Saturday, September 27, 2008

Freedom to Read

I've been contacted by an organization trolling for "Banned Book Week" entries on the Internet, and I've been given important news.

Apparently, I don't love my children. Or any children. Or even the U.S. Supreme Court. Maybe even America. And I certainly do not love God. (Wow, and I didn't even realize She was in the mix.)

The gist of the comment was that some children don't need to read some books. You know what? That's right. However, that's for their parents or guardians to decide.

When I was a child, my parents saw every book I was reading. Only once did Mom suggest I wait until I was older to read one book. (Helter Skelter really was a little intense for a 10-year-old.)

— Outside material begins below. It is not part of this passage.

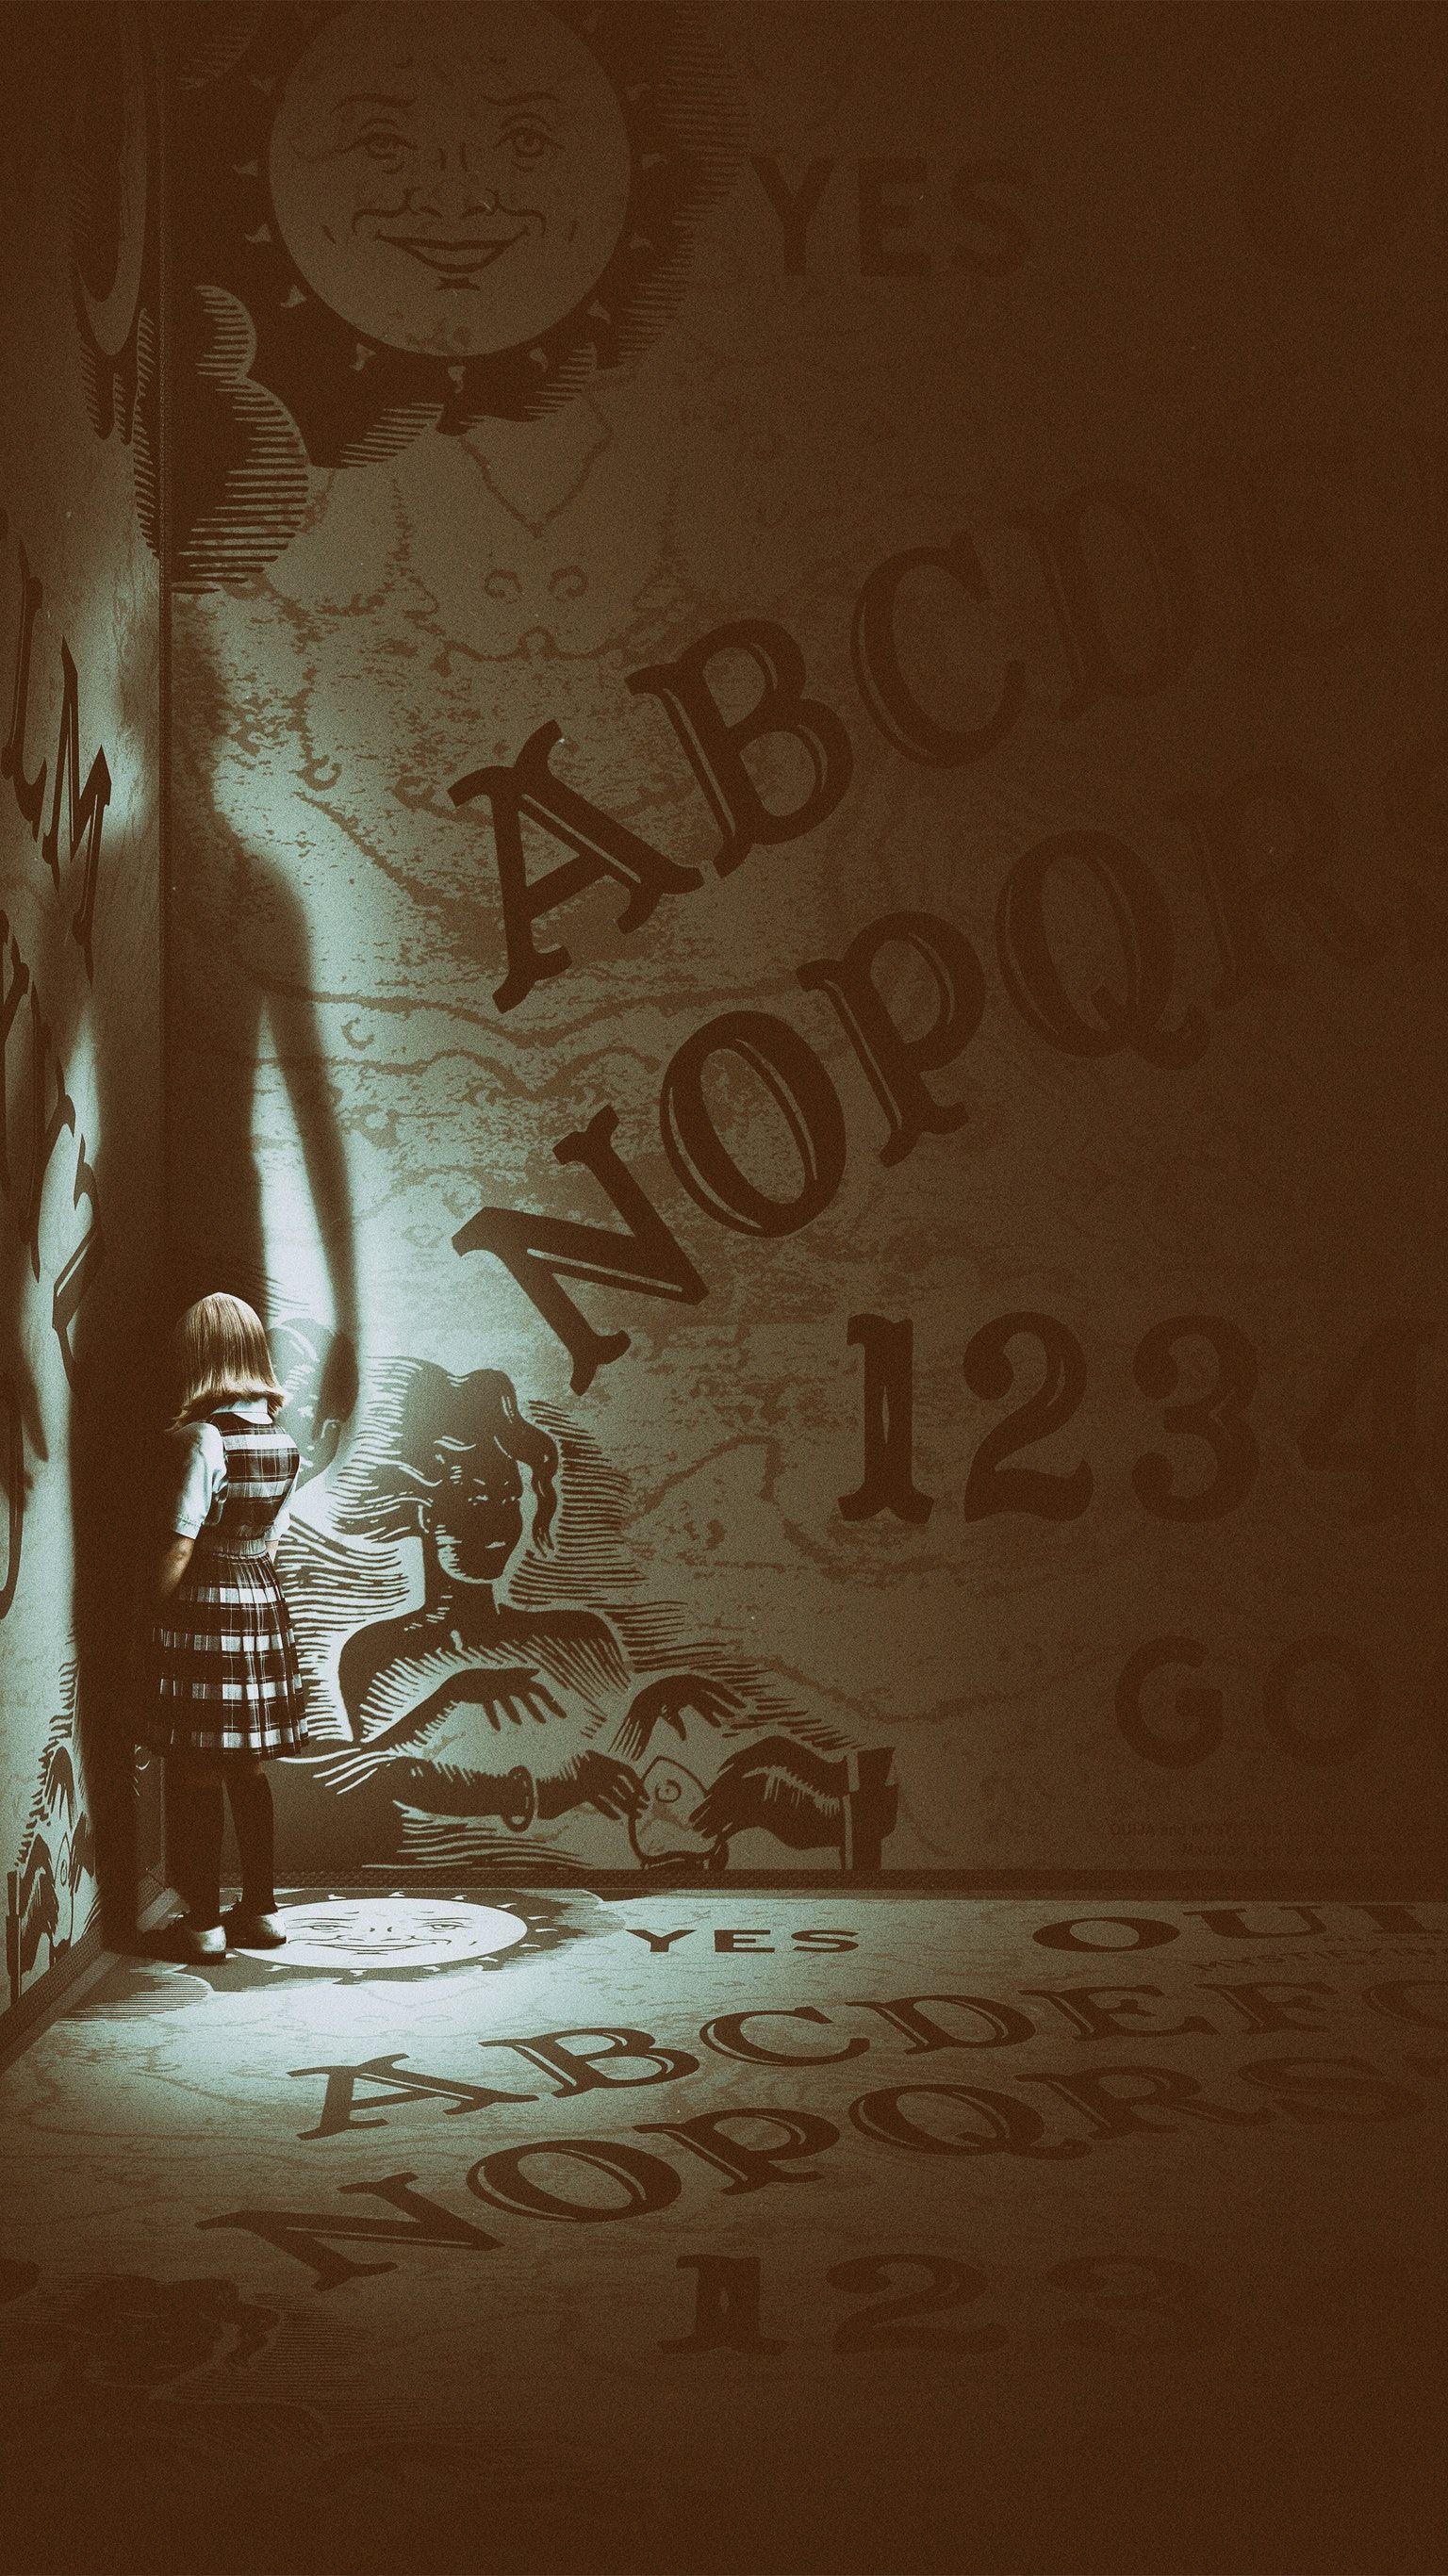 Ouija Origin Of Evil   1536x2733 Wallpaper   teahubio 1536x2733

But here's the important thing to remember: I walked out of the library with the book.

It is not up to librarians, or committees, or mayors, or the government to decide what I can read. It's up to me and, if I am of an age, my parents.

Are there some books that children shouldn't read? Are there some books I read before I should have? Are there some books that contain objectionable material? Are there some books that shouldn't even see the light of day?

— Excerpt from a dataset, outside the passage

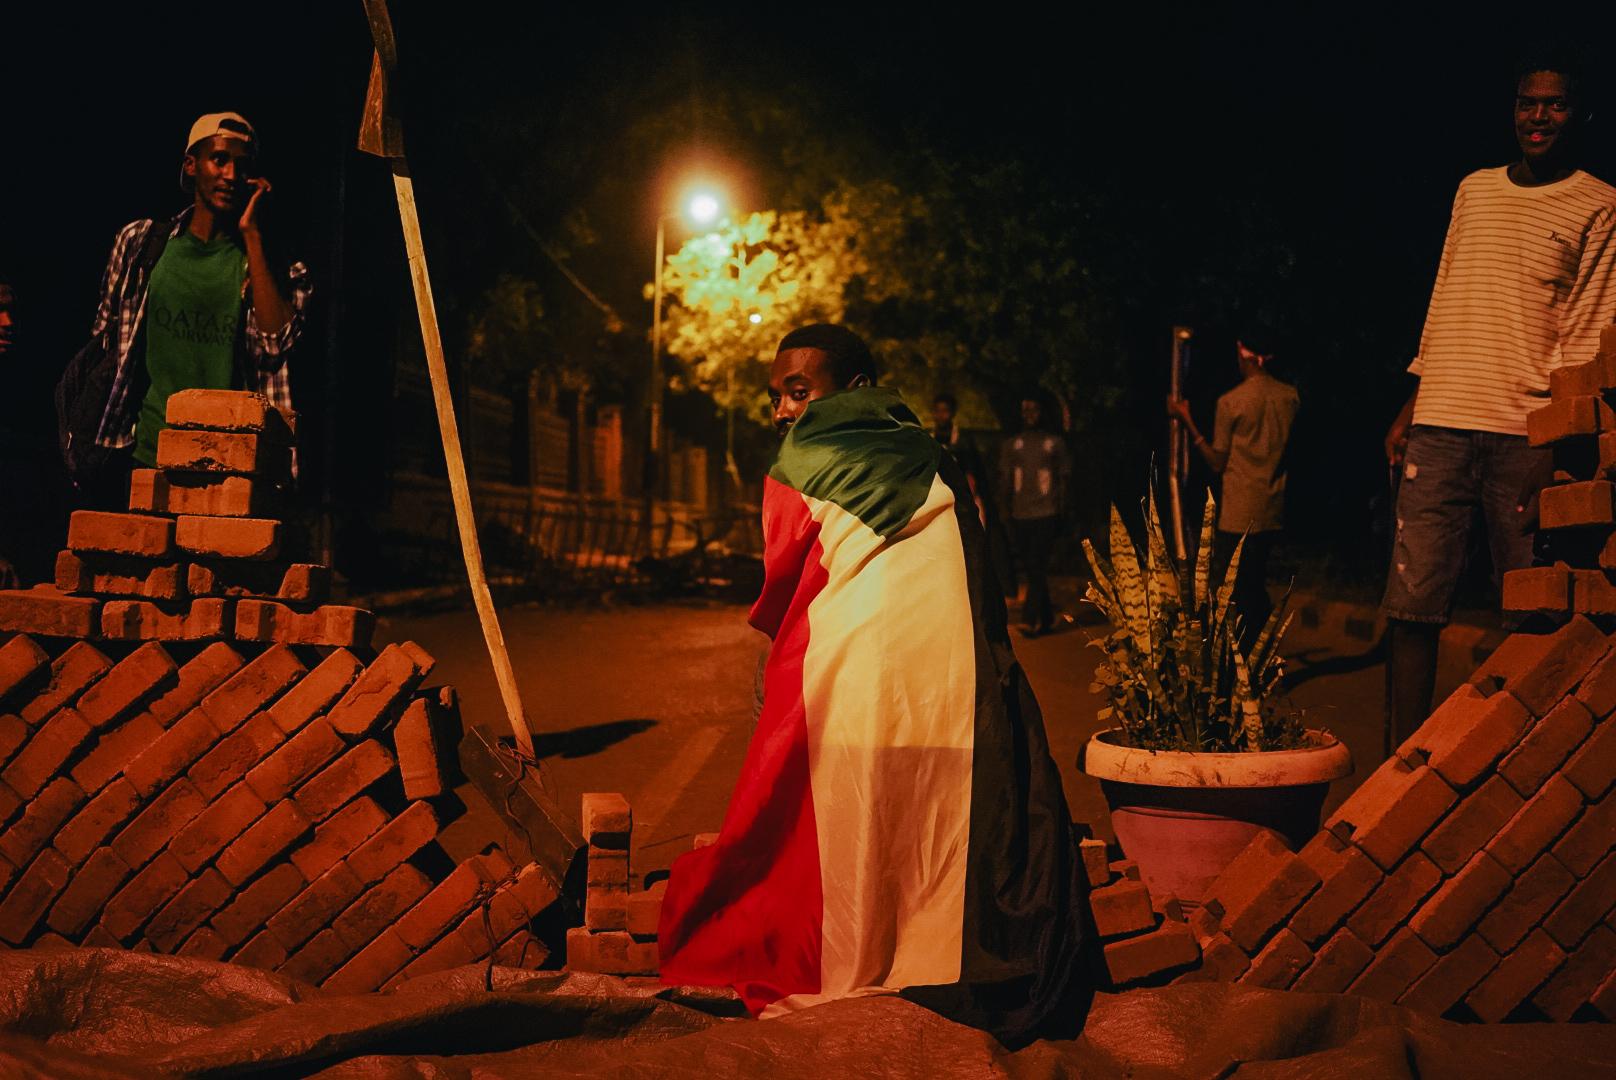 Sudanese protesters: Forces kill 1 outside Khartoum's sit

As my grandmother would have said, "Oh, jes."

But woe to the librarian or government official who tries to tell my children, my husband, or me whether we may read it.

Finally, should objectionable materials be in libraries? (I think that's the key issue for the group that tried to re-educate me.) And I phrase my answer in the form of a question: what's objectionable? I find Holocaust deniers objectionable and obscene. You may consider it fact. I like dinosaur books. You might think that's fiction and a challenge to your faith.

We can agree on some things that are unsuitable for the library. (My re-educators cited the U.S. Supreme Court, which has addressed this issue and established some guidelines, a good place to start.) The rest, let us decide for ourselves. I'll take care of my family. You take care of yours.